[Start of section]
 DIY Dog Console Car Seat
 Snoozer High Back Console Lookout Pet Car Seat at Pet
[End of section]
[Start of section]
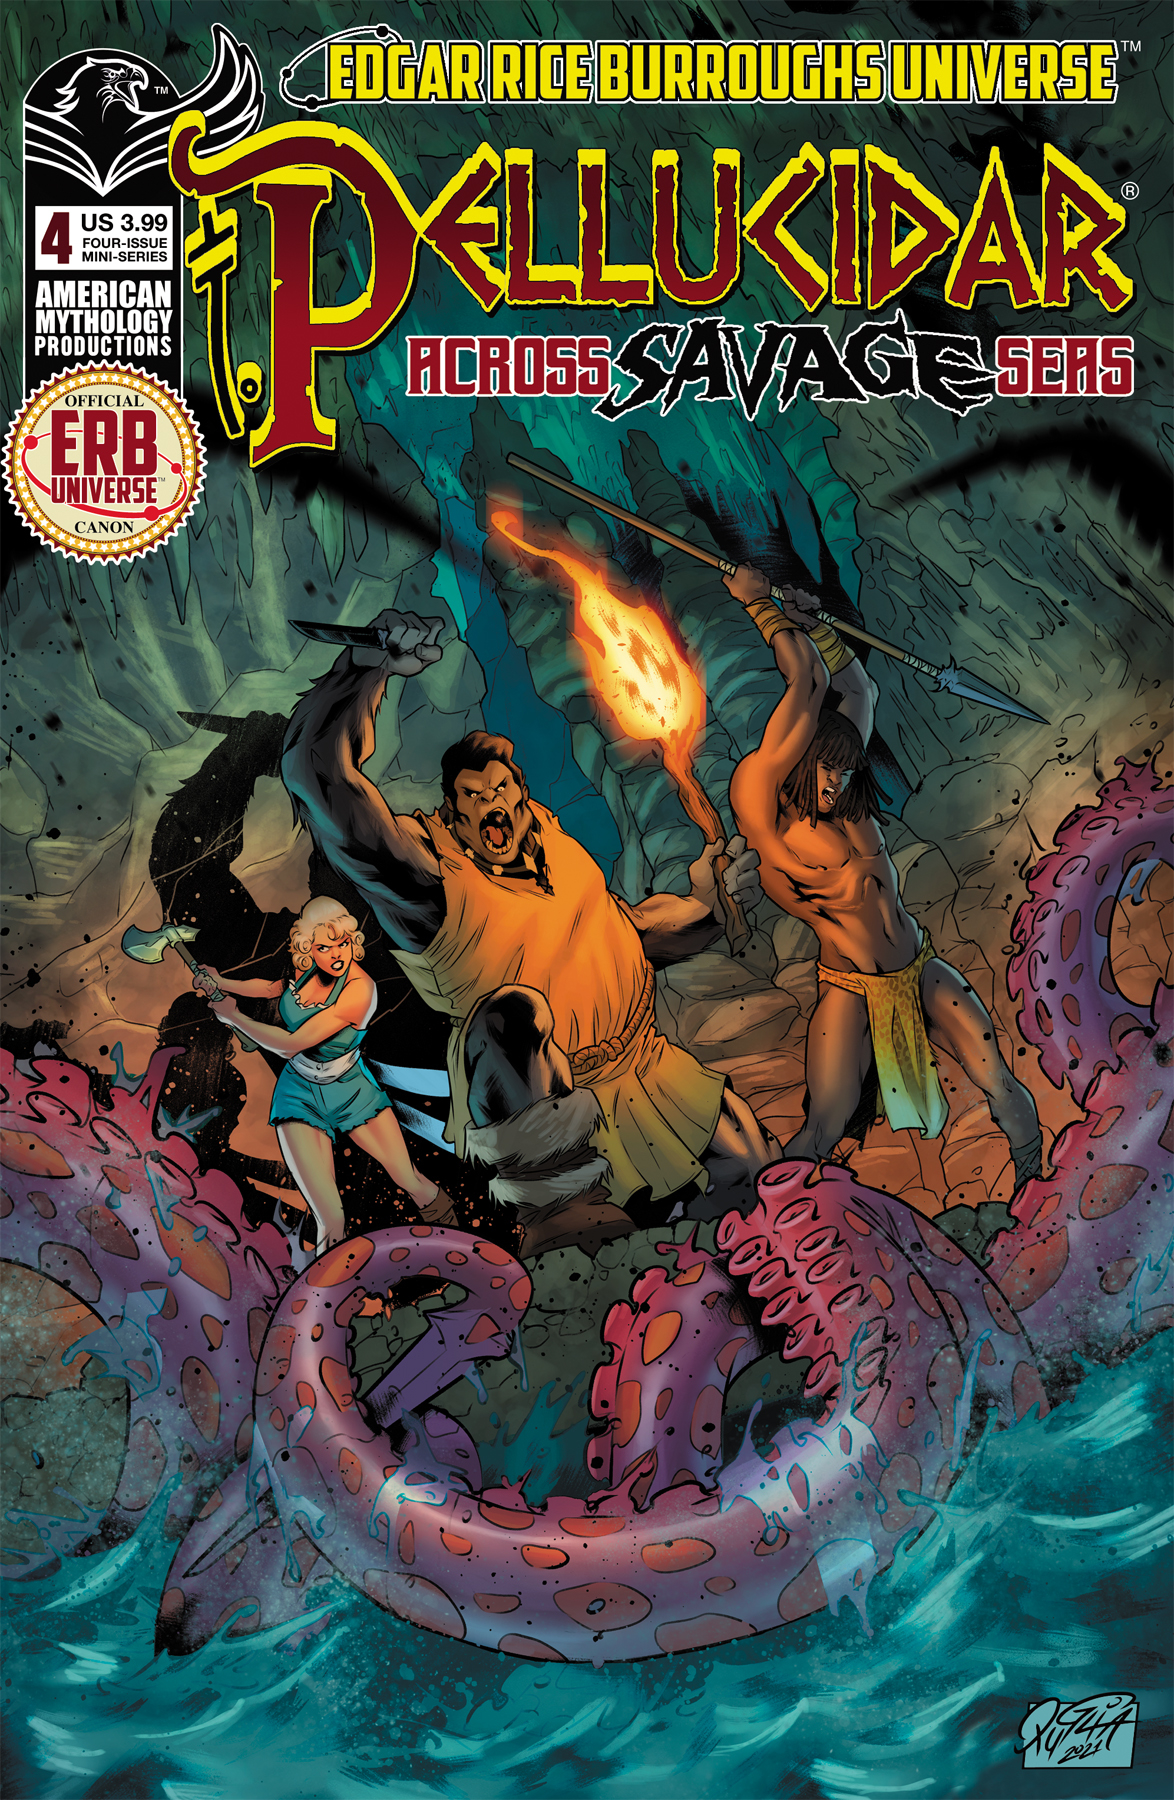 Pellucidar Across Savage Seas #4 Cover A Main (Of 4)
[End of section]
[Start of section]
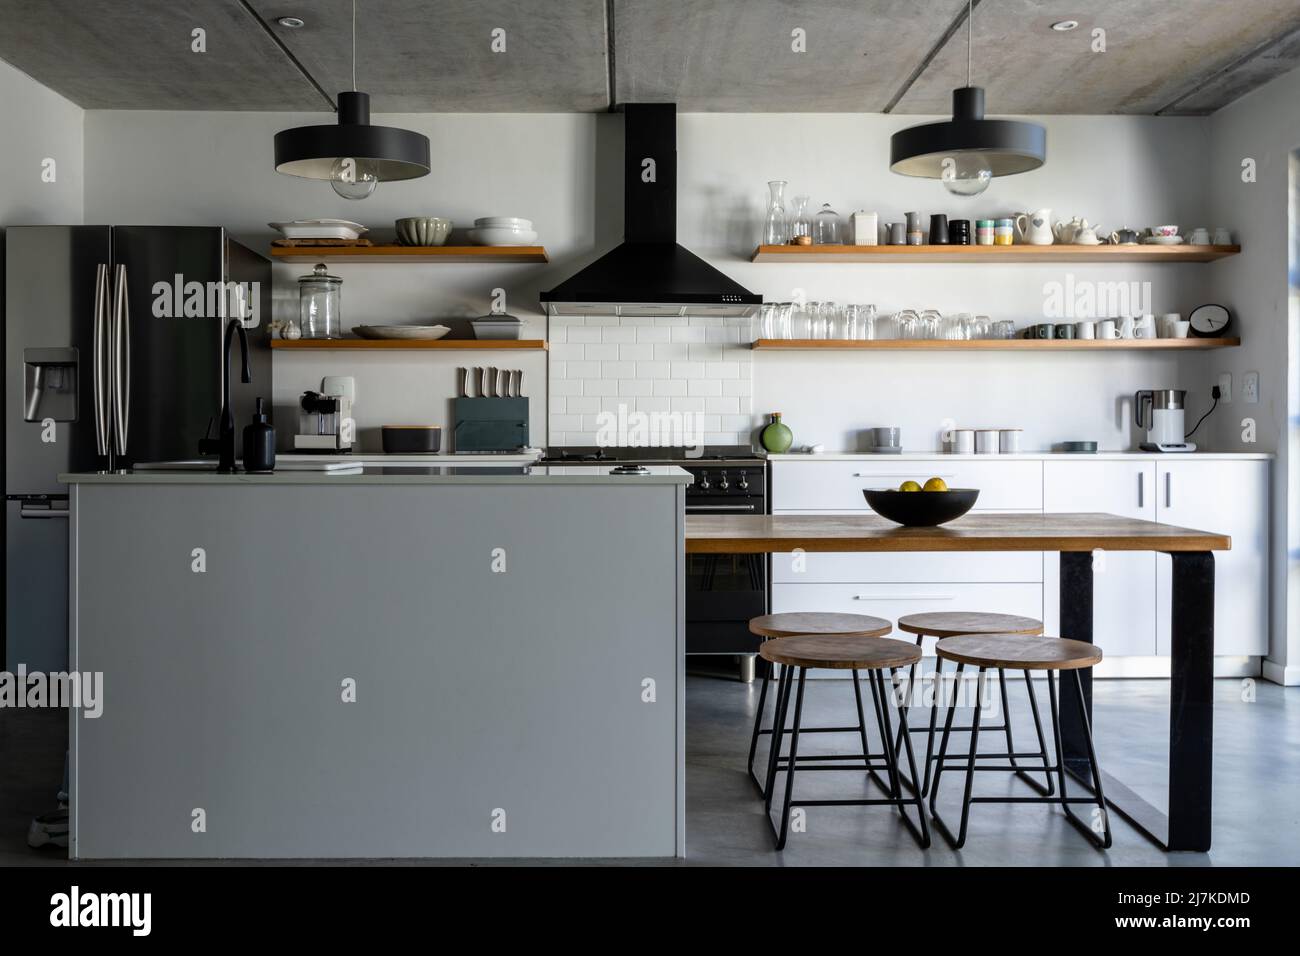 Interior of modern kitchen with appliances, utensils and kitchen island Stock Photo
[End of section]
[Problem description] Everything from the line with "DIY Dog Console Car Seat" through the line with "Snoozer High Back" should be written out exactly as it appears above, end lines included, and nothing outside that range.

[Your solution]
 DIY Dog Console Car Seat
 Snoozer High Back Console Lookout Pet Car Seat at Pet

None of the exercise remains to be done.